### Task statement
Copy exactly and only the lines running from the one that contains "Old Navy Camouflage" to the final line of the data below, without the pictures.

(Collected material)

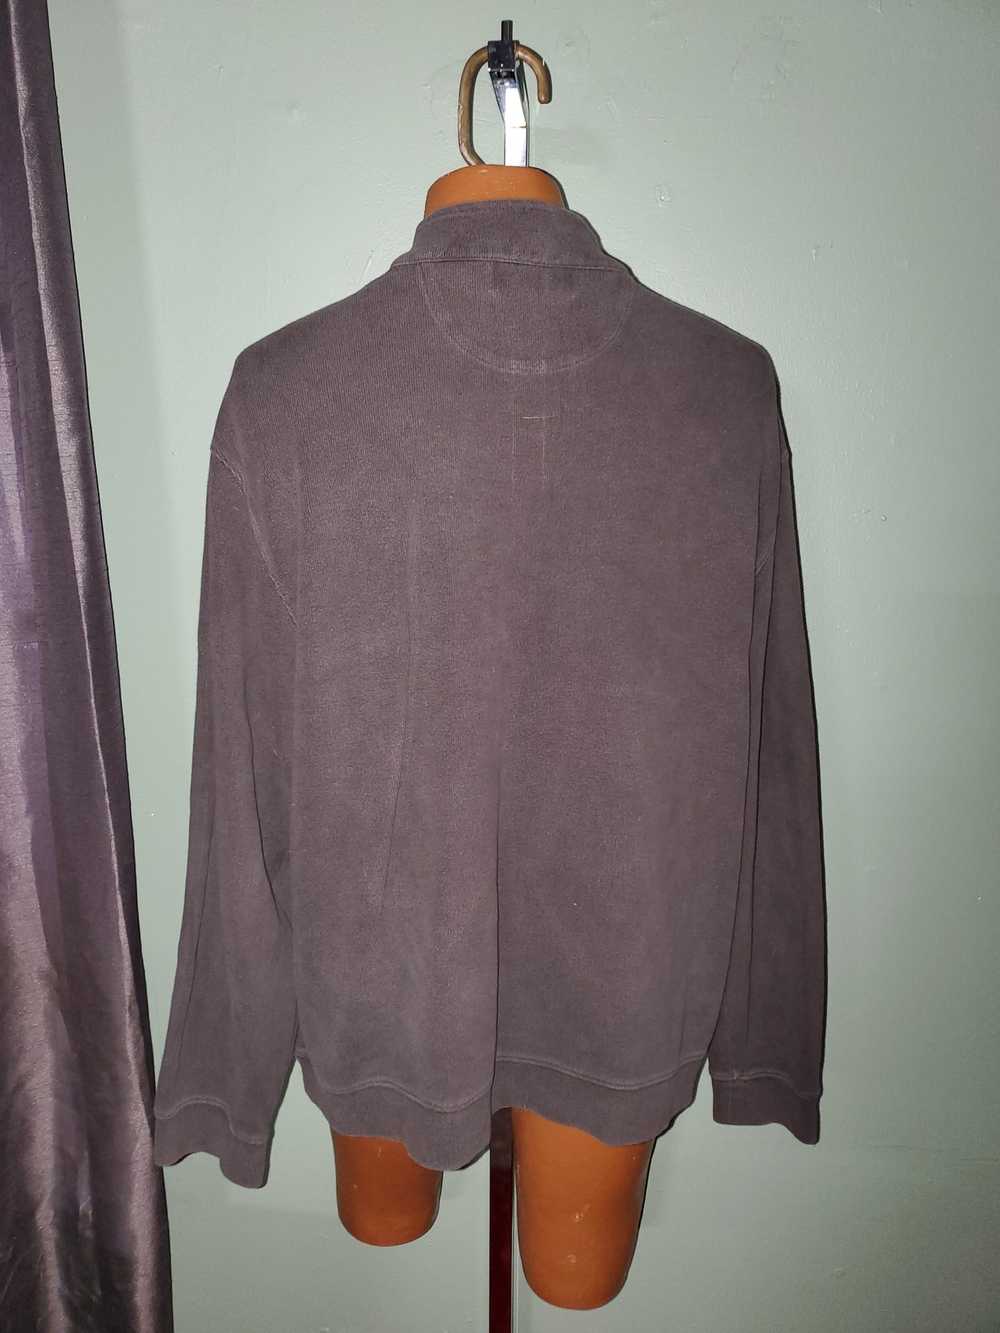 Chaps Chaps Pullover Size XL - image 2
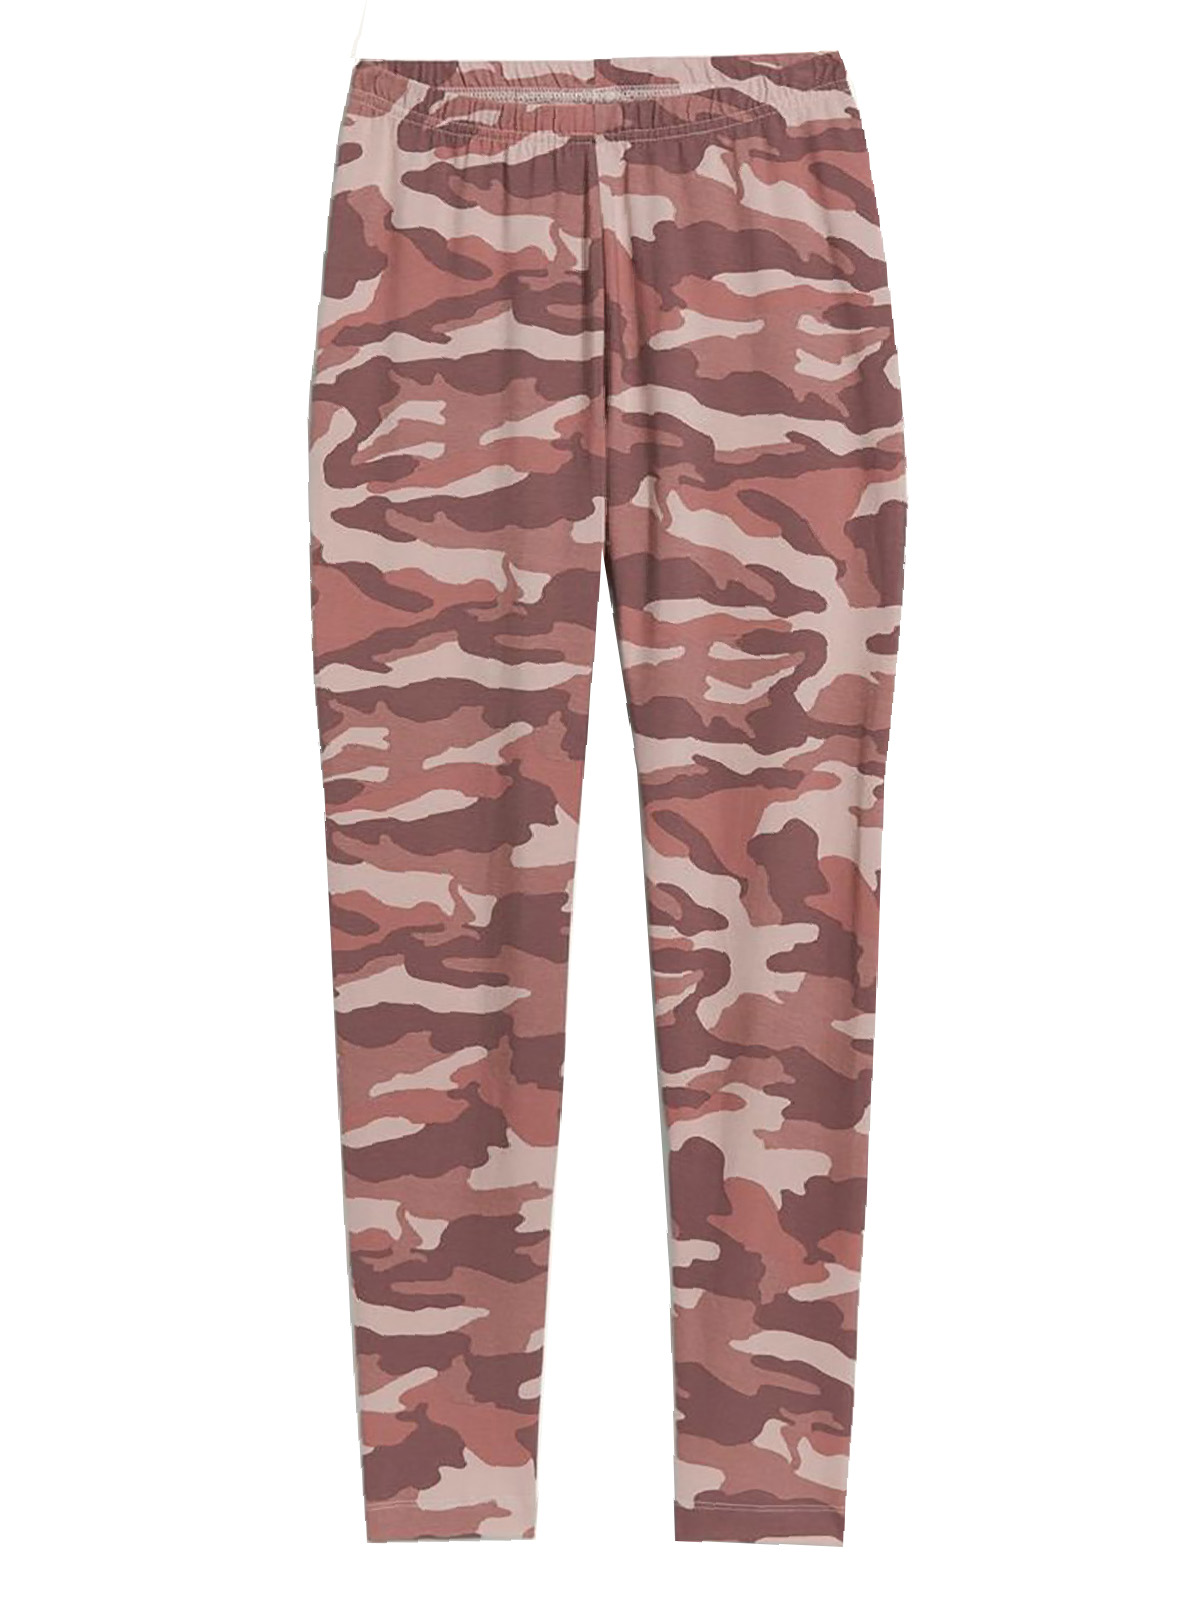 Old Navy Camouflage Leggings Activewear High Rise Stretch Women's
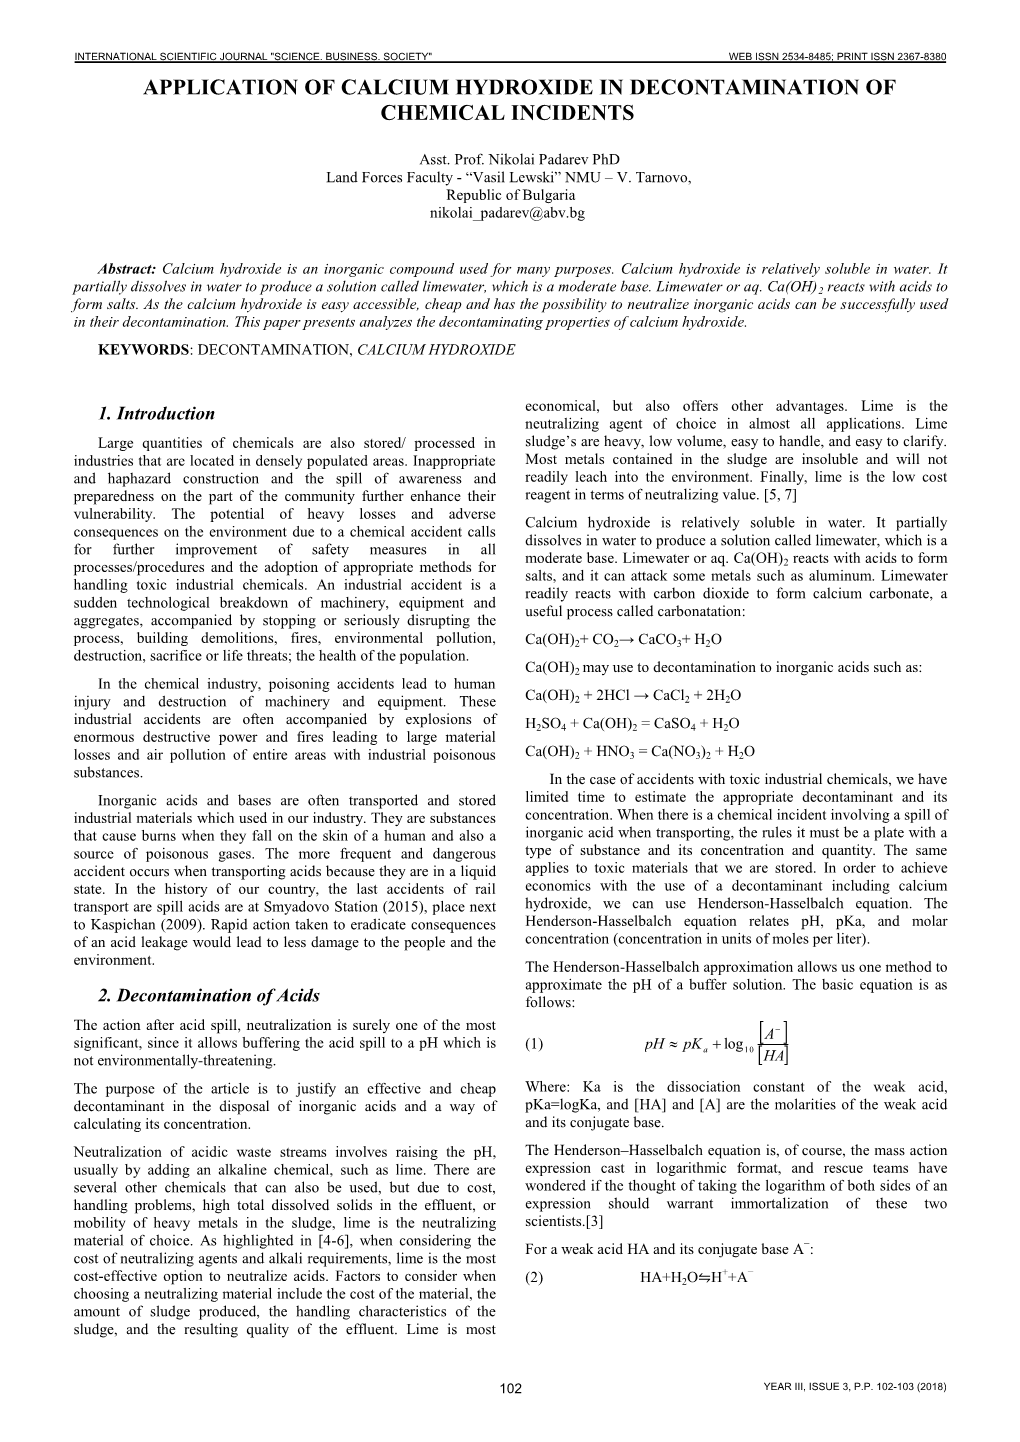 Application of Calcium Hydroxide in Decontamination of Chemical Incidents

(End Collected material)

### Exercise solution
 Old Navy Camouflage Leggings Activewear High Rise Stretch Women's
 Application of Calcium Hydroxide in Decontamination of Chemical Incidents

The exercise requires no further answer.